Aura Sabina define, desde la experiencia personal, lo que significa el poliamor que para ella es de naturaleza humana querer a dos o más personas, de distintas maneras e intensidades, pero de manera simultánea; aunque reconoce que el problema no es el poliamor sino el malestar que surge entre lo que dicta la sociedad y la realidad.
Intentar definir el poliamor me hace pensar que, a partir de la definición del amor, en realidad, no habría que agregarle el sufijo poli, para saber que abarca el sentimiento hacia más de una persona. Entiendo que tiene que ver con la heteronormatividad. La mayoría cree que el amor "romántico" solo se da entre dos personas, por eso creo que es necesario abundar en este tema.

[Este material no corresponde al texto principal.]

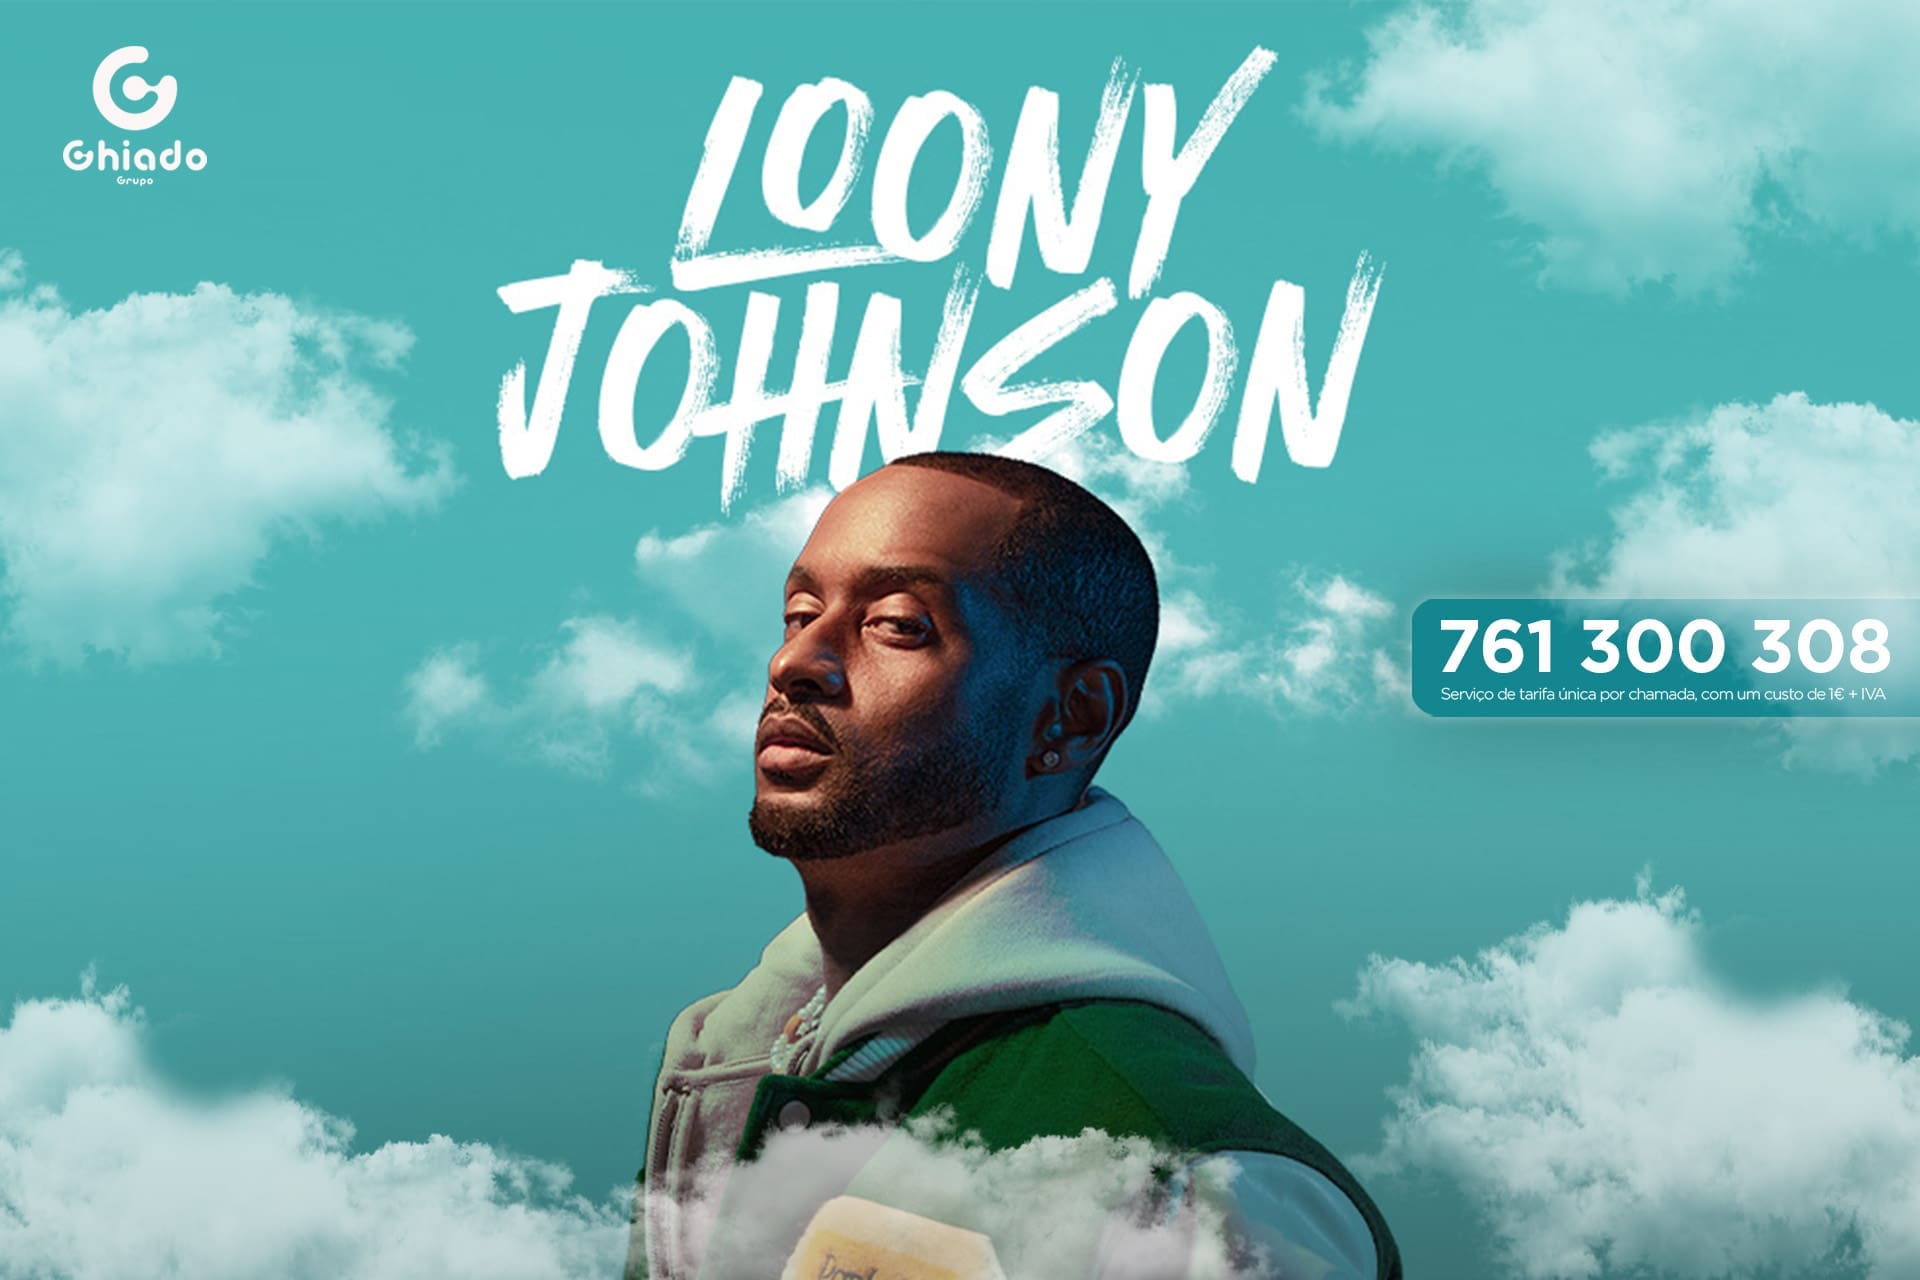 Terminado] A Record TV leva-o ao concerto de Loony Johnson - RECORD EUROPA
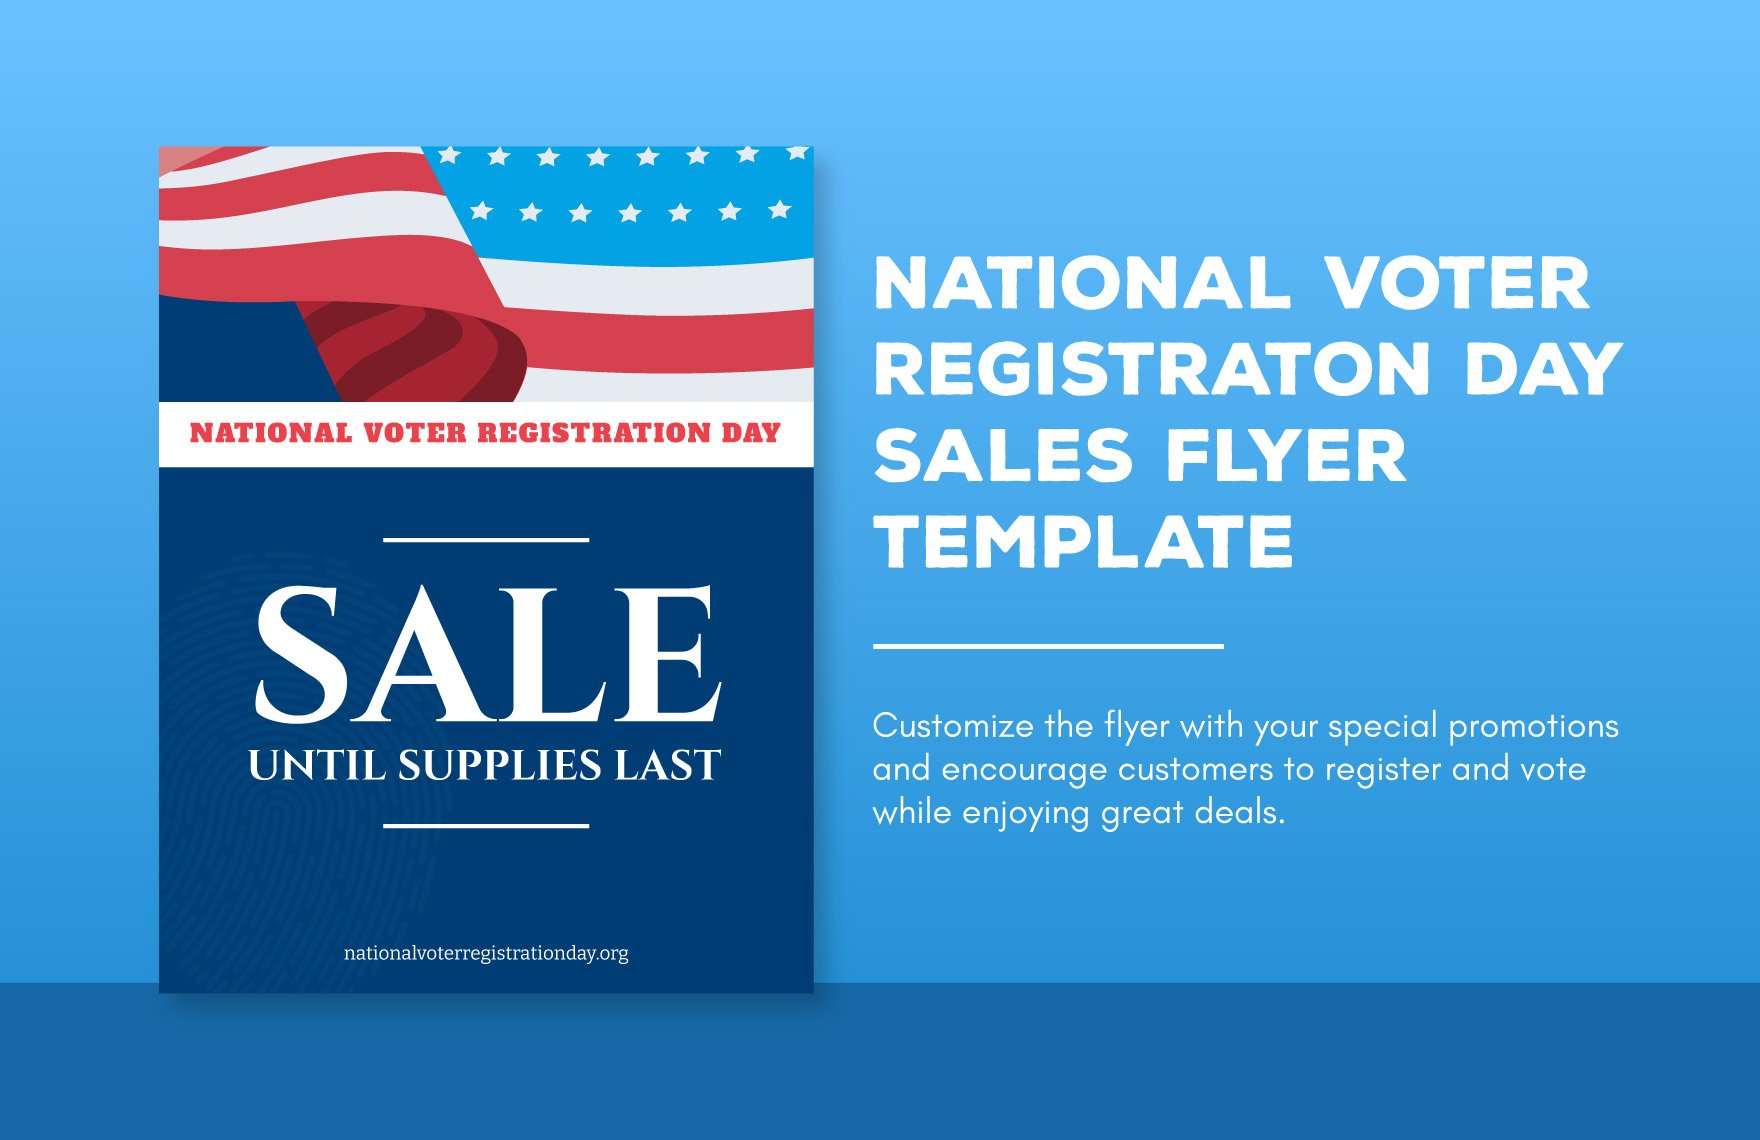 National Voter Registration Day Sales Flyer Template

No soy poseedora de ninguna verdad ni pretendo serlo algún día. El poliamor, para mí, es la posibilidad de enamorarme y, a la vez, establecer relaciones erótico-amorosas con más de una persona. Lo voy sumando porque a veces una se enamora de otra persona, pero no se atreve a transgredir el consenso de monogamia que se tiene con alguien más. No obstante, si los sentimientos y sensaciones están presentes, aunque desde el cuerpo no se exprese, existe.
Supe que el poliamor era mi camino cuando yo vivía una relación tormentosa, pero gracias a esa relación pude revisar todo mi esquema de creencias. Antes: fui criada como muchas mujeres: bajo los preceptos de la monogamia y la heterosexualidad. Descubrí que me gustaban las chicas a los once años. Me propuse ser "una chica normal". Mi primera relación de noviazgo fue cuando yo tenía 16. Fue muy linda porque ambas estábamos muy enamoradas. Dialogábamos mucho, nos divertíamos horrores. Deseábamos pasar la vida juntas, vivir en la misma casa, tener perros... Siempre le fui "fiel" (bajo los términos sociales, porque creo que la fidelidad solo es posible en la reproducción de audios, videos o copias de manuscritos), porque no me nacía el deseo con nadie más.
Los primeros tres años de una relación, la oxitocina es fundamental. En ese tiempo creía que era lo natural del amor, que cuando amas a alguien no le "dañas" con el cuerno, no le mientes, no le "fallas", etcétera. Por otro lado, quería "demostrar" que ser lesbiana no me hacía "promiscua", así que debía mantener mi estatus ejemplar de monogamia.
Pero algún día todo eso "bonito", todos los esquemas, se me hicieron pequeños. Como toda epifanía, un día cualquiera, reconocí que me enamoraba de otras mujeres: creativas, cultas, divertidas, locas, desestabilizadoras, brujas, similares o distintas a mi novia. Si bien, con ninguna establecí otro tipo de vínculo que el amistoso, me sentía mal, pues creía que no era adecuado. Para mí, es más intenso ocupar el pensamiento en alguien que el cuerpo con alguien. Lo que pasa en el cuerpo es efímero; lo que pasa en el mundo interno es aún más fuerte. Si pasa a ambos niveles, todo es armónico, pero entre mi cuerpo y mi sentir no había mucha congruencia.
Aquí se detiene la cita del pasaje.